This year, consider taking a kinder, gentler approach. By shopping at locally-owned small businesses, you can actually give back to your community during the holiday season, and have peace-of-mind at the end of the shopping day.
This Saturday, Nov. 26, is the second go-round for Small Business Saturday, initiated by American Express in 2010, and picked up by a multitude of other businesses and organizations, to promote and preserve the small businesses that create jobs, boost our local economies, and preserve neighborhoods.
This year, Small Business Saturday and the leading social marketers — Facebook, Google, and Twitter.
According to the statistics on The 3/50 Project website, which helps promote small businesses, for every $100 spent in individual brick and mortar stores, $68 stays in the community. The same $100 spent at a big box store only returns $43 to the local community, and money spent online returns nothing to the local community.
“Small Business Saturday is an opportunity to show our support for our friends and neighbors who throughout the year are growing our local economy, as well as supporting many local initiative and organizations,” said Small Business Association administrator Karen Mills. More than 200 advocacy groups have joined the initiative.

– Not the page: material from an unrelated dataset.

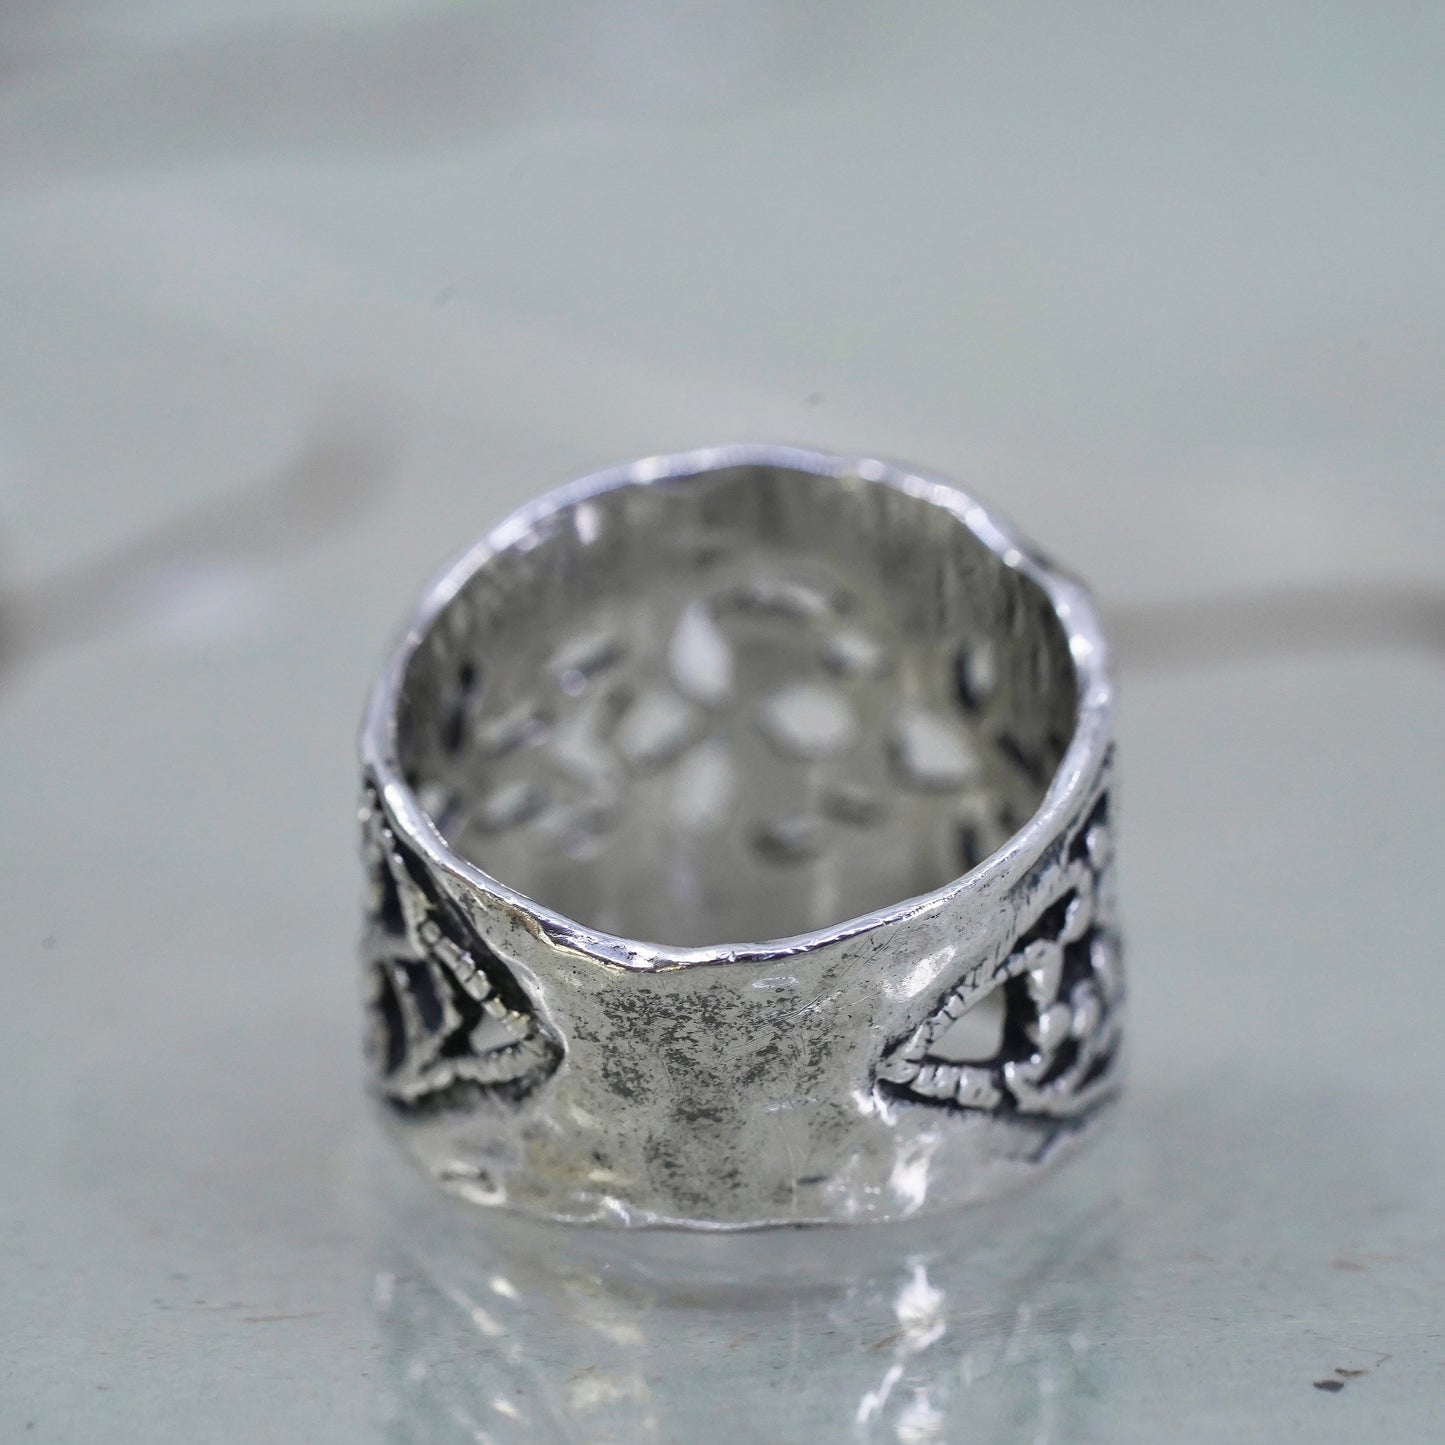 Size 4.25, vintage Israel Pz Or Paz Sterling silver ring, 925 wide band floral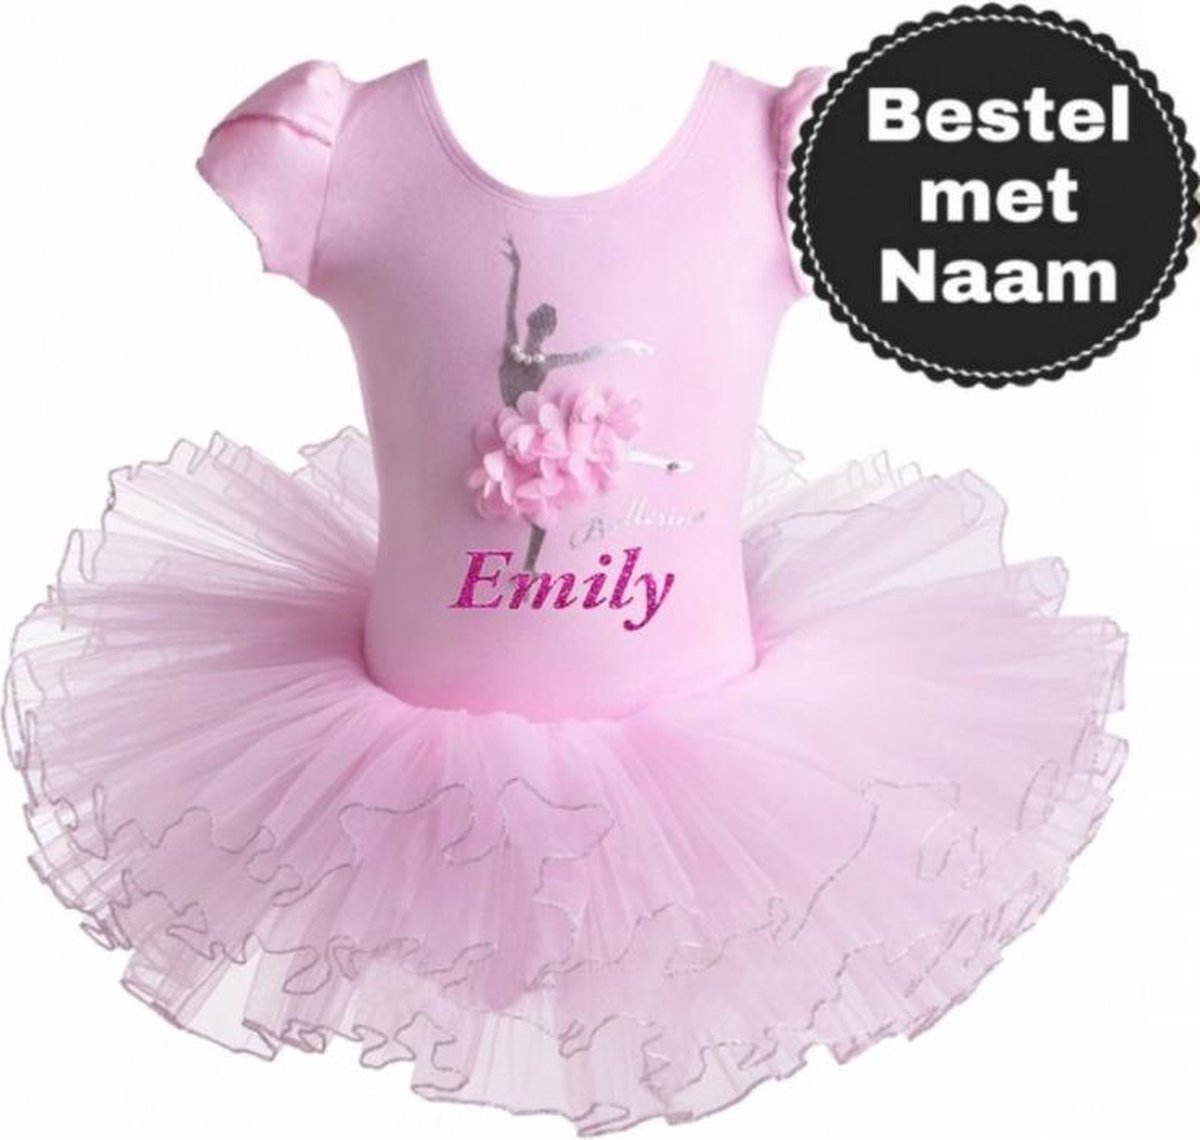 Balletpakje Ballerina + Eigen naam + Tutu - roze - Ballet - maat 116-122 prinsessen tutu verkleed jurk meisje

American Express noted the program netted a 28 percent increase in sales at participating small businesses in its inaugural year and numbers are expected to improve as social media networks lend their support in greater numbers. Facebook, Google and Twitter have created space for small businesses to share their success stories. The Small Business Saturday page on Facebook had 2.4 million “likes” this week, compared to less than one million last year.
Cinda Baxter, founder of The 3/50 Project, encourages consumers to first look toward their local businesses before they choose to buy.
“It’s not about ‘shop local’ or ‘buy local,’” she added. “The goal is to support all local businesses.”
American Express cardholders can get $25 back on Small Business Saturday as an additional incentive by registering their American Express Cards or by syncing their card to their Foursquare social media account.
American Express spokesman Scott Krugman explained, “You don’t have to take the American Express card to participate in the day. That’s not what it’s about. It’s about a general movement to shop local and make sure that small retailers and local merchants have more business driven to them during the holiday season.”
Small Business Saturday has grown through press coverage and word-of-mouth marketing offline and online. You can contribute to the latter on the campaign’s Facebook Page or on Twitter by using the hashtags #SmallBusinessSaturday and #SmallBizSaturday.
Retailers are encouraged to register their businesses at the Small Business Saturday Facebook page.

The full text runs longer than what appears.